Experts Call for 'Physical AI Alliance' to Connect K-Tech and Industry

By Jinkyu, Myung Posted : August 24, 2026, 18:12 Updated : August 24, 2026, 18:12

Artificial intelligence (AI) is rapidly transitioning from generative capabilities to understanding and interacting with the physical world. This new era sees AI engaging with real environments across various sectors, including manufacturing, logistics, defense, healthcare, and public services. Physical AI cannot be achieved through a single technology; it requires a combination of AI that understands and judges reality, a world model that predicts the future based on real data, efficient computing, and devices that can act.


The competition is not merely about creating better AI models or superior robots. The key to success lies in how well AI models, data, semiconductors, computing, and devices are interconnected, and how quickly these connections can address industry challenges and yield market results.
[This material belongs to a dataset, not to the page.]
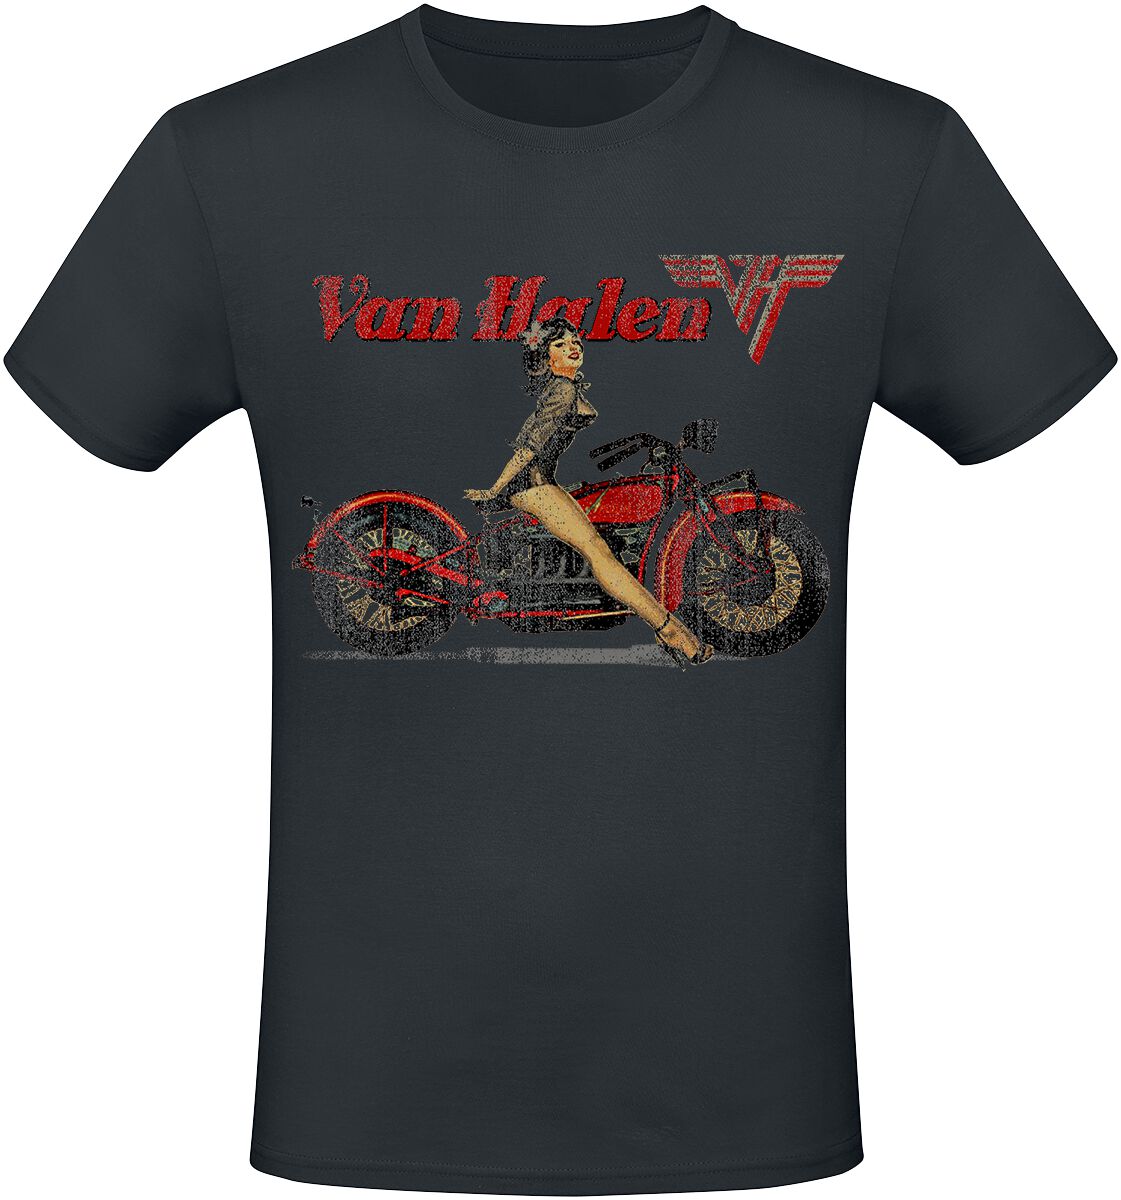 Van Halen T-Shirt - Pinup Motorcycle - S bis 3XL - für Männer - Größe L - schwarz  - Lizenziertes Merchandise!

The 'Physical AI Alliance' was founded on this understanding. Established last year and expanded this year, the alliance comprises three divisions: full-stack, vertical industry bridge, and foundational governance. Each division has distinct roles in technology, industry, and governance, but the ultimate goal is to connect their capabilities to create a unique physical AI ecosystem.


The full-stack division's primary focus is on expanding a universal physical AI foundation model. Creating separate AIs for each robot and task limits scalability; thus, securing a foundational AI model that can be used across various robots and environments is crucial for enhancing our physical AI competitiveness. Google DeepMind has demonstrated the potential of universal models with its 'Gemini Robotics 2,' which performs various tasks across different robots.


The second focus is on specialized infrastructure for physical AI. The learning and inference requirements for physical AI differ significantly from those of large language models. During the learning phase, which involves processing large amounts of simulation and sensor data, storage and network capabilities can become bottlenecks. In real-time inference, minimizing latency and power consumption is critical. By defining and validating a 'physical AI reference infrastructure' that combines domestic neural processing units (NPUs) and AI models, our companies can enter the global market with verified full-stack solutions rather than individual components.


The alliance's role is to identify challenges needed by the industry and connect them with national research and development efforts, ensuring that the results return to the field through collaboration between businesses and research institutions. For the 'Physical AI' initiative, one of the government's three mega-projects, to yield national results, close cooperation between the government, private sector, and research community is essential. This is why the alliance must serve as a vital link between technology and industry.


So, where do we currently stand? In individual fields such as AI models, semiconductors, manufacturing, and robotics, we possess world-class technologies and companies. Domestic physical AI company RealWorld demonstrated its potential by winning first place in the foundation model category at the 'Nebius Robotics Awards' last year. The world's leading manufacturing sites generate vast amounts of data daily, and rapidly growing robotics companies are valuable assets. However, excelling in individual technologies and integrating them into a cohesive system for market launch are entirely different challenges. While our connectivity capabilities are still insufficient, achieving proper integration is feasible.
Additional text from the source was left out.